The "law act" as you call it, its called the LAW, and its what specifies what is enforced by police officers. You know when you get a ticket and they write down that little string of numbers of the law you broke....those numbers correspond to a section of the Alberta Traffic Safety Act. The police dont get to enforce rules they make up. The rules, or laws, are defined by the alberta government and are placed into the traffic safety act.
The wonderful thing about living in a democratic society, without limited internet search provisions, is the government actually allows you to look these things up and read about them.
They define things such as, if there isn't a posted speed limit what the max and min speeds are, if there's a playground or school what the default speeds are, and if you are on a road under construction, regardless of whether there are signs or not, what the default speed is.
Ignorance of a public law is not a defense for breaking it.
Now....as for this only applying to highways as you want to define them. Wrong again.
every term is clearly defined in the traffic safety act under the Definitions heading.
For example:
(p) “highway” means any thoroughfare, street, road, trail, avenue, parkway, driveway, viaduct, lane, alley, square, bridge, causeway, trestleway or other place or any part of any of them, whether publicly or privately owned, that the public is ordinarily entitled or permitted to use for the passage or parking of vehicles and includes
(i) a sidewalk, including a boulevard adjacent to the sidewalk,
(ii) if a ditch lies adjacent to and parallel with the roadway, the ditch, and
(iii) if a highway right of way is contained between fences or between a fence and one side of the roadway, all the land between the fences, or all the land between the fence and the edge of the roadway, as the case may be,
but does not include a place declared by regulation not to be a highway;
So those sections of 115 i copied and pasted earlier in this thread, they basically apply to every public road in the province not just things like the deerfoot.
some of you guys are idiots and need to go back to highschool and take an introduction to law class. The amount of BS floating around in this thread is crazy.

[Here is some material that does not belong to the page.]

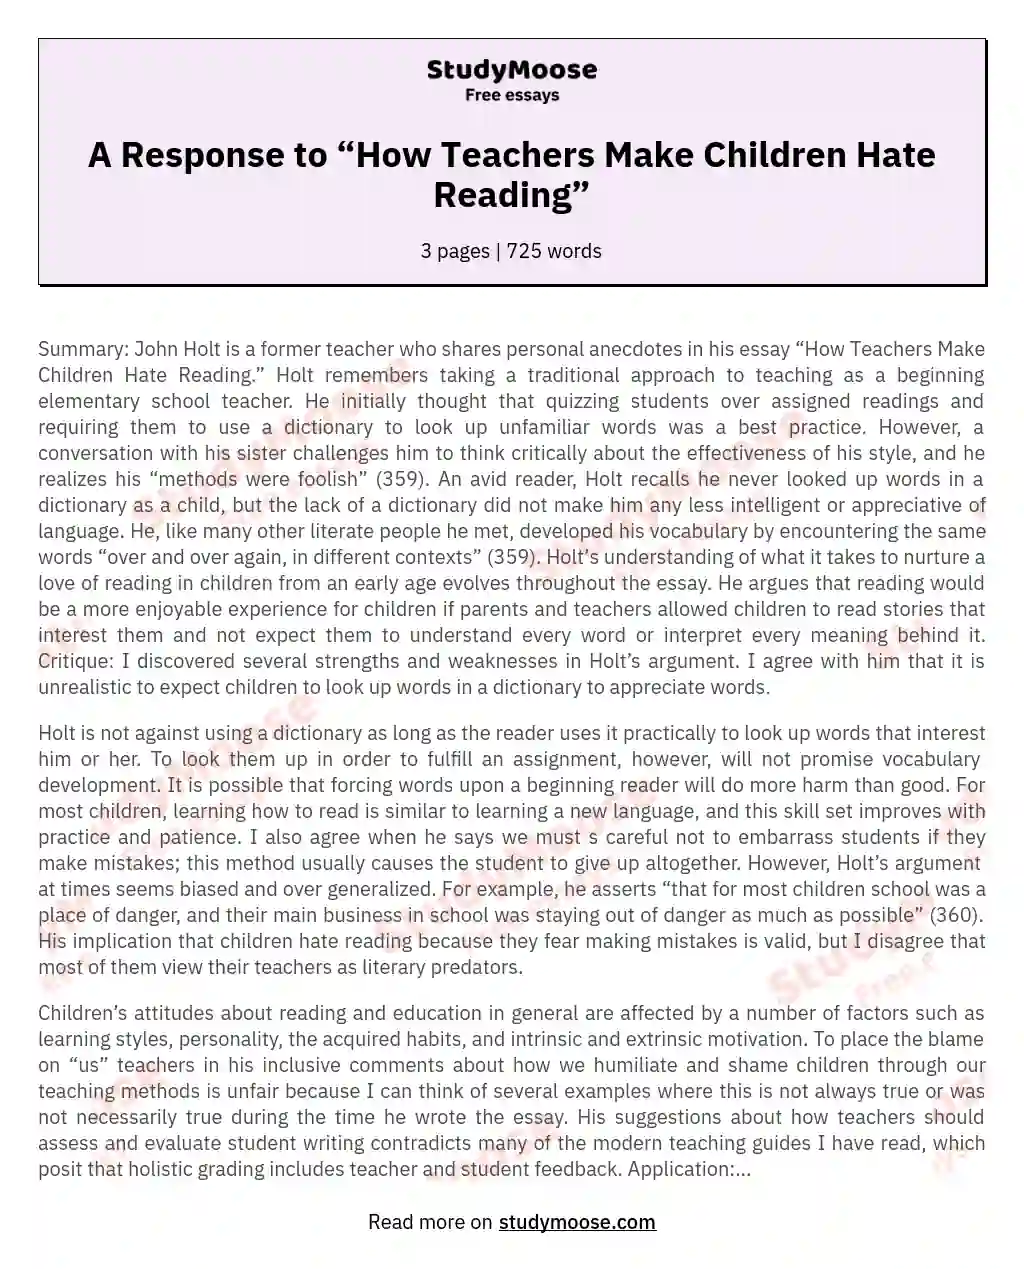 A Response to “How Teachers Make Children Hate Reading” essay

The "law act" as you call it, its called the LAW, and its what specifies what is enforced by police officers. You know when you get a ticket and they write down that little string of numbers of the law you broke....those numbers correspond to a section of the Alberta Traffic Safety Act. The police dont get to enforce rules they make up. The rules, or laws, are defined by the alberta government and are placed into the traffic safety act.
The wonderful thing about living in a democratic society, without limited internet search provisions, is the government actually allows you to look these things up and read about them.

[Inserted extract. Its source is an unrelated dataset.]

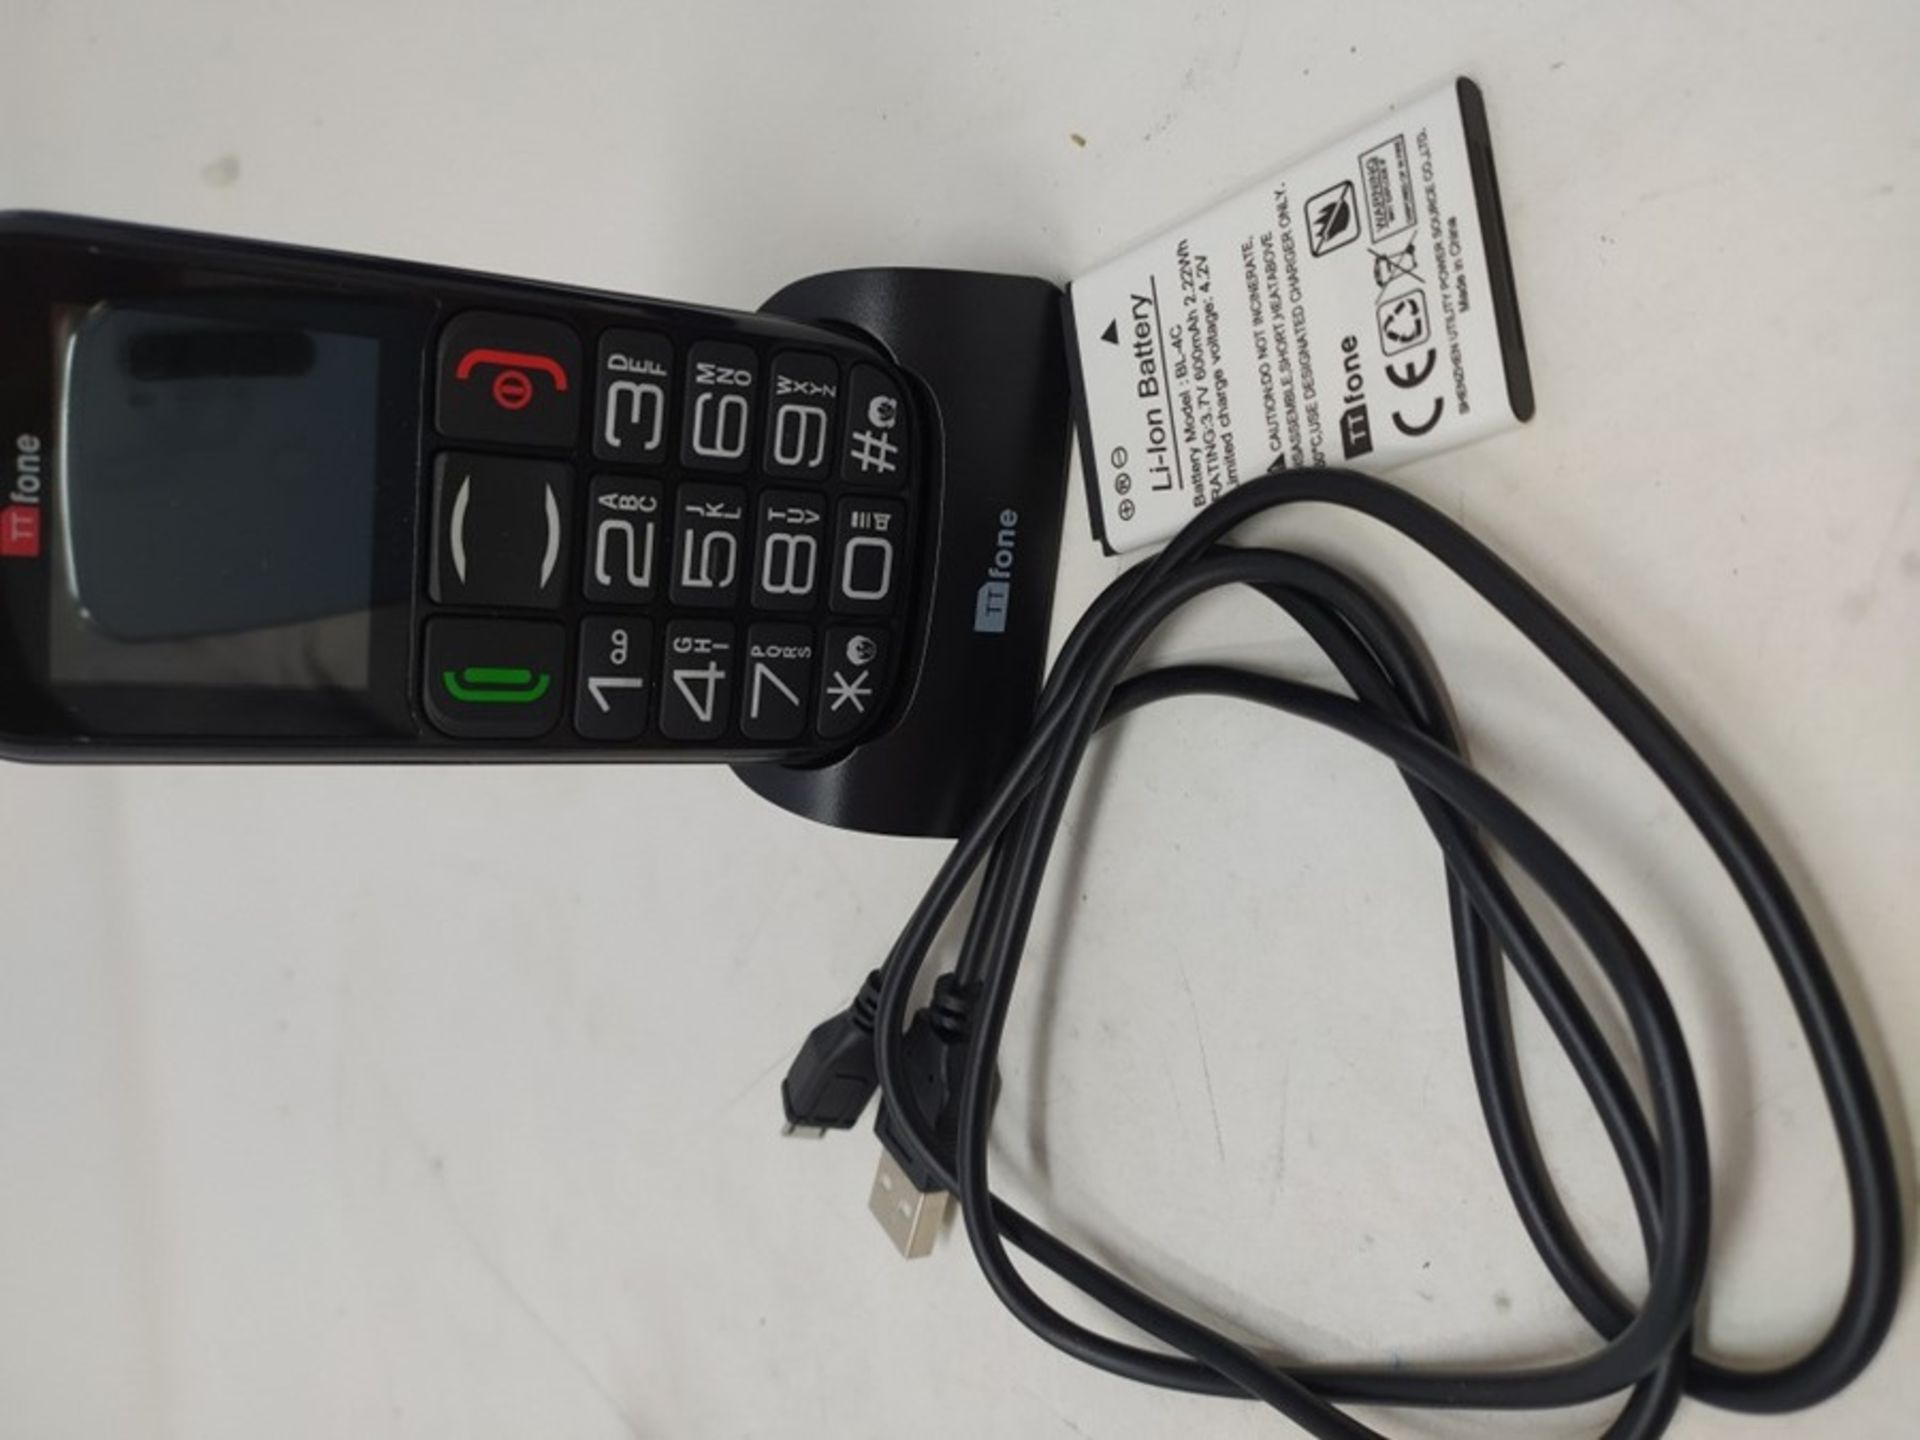 TTfone Mercury 2 Big Button Basic Senior Unlocked Sim Free Mobile Phone with Dock - Bl - Image 2 of 2

They define things such as, if there isn't a posted speed limit what the max and min speeds are, if there's a playground or school what the default speeds are, and if you are on a road under construction, regardless of whether there are signs or not, what the default speed is.
Ignorance of a public law is not a defense for breaking it.
Now....as for this only applying to highways as you want to define them. Wrong again.
every term is clearly defined in the traffic safety act under the Definitions heading.
For example:
(p) “highway” means any thoroughfare, street, road, trail, avenue, parkway, driveway, viaduct, lane, alley, square, bridge, causeway, trestleway or other place or any part of any of them, whether publicly or privately owned, that the public is ordinarily entitled or permitted to use for the passage or parking of vehicles and includes
(i) a sidewalk, including a boulevard adjacent to the sidewalk,
(ii) if a ditch lies adjacent to and parallel with the roadway, the ditch, and
(iii) if a highway right of way is contained between fences or between a fence and one side of the roadway, all the land between the fences, or all the land between the fence and the edge of the roadway, as the case may be,
but does not include a place declared by regulation not to be a highway;
So those sections of 115 i copied and pasted earlier in this thread, they basically apply to every public road in the province not just things like the deerfoot.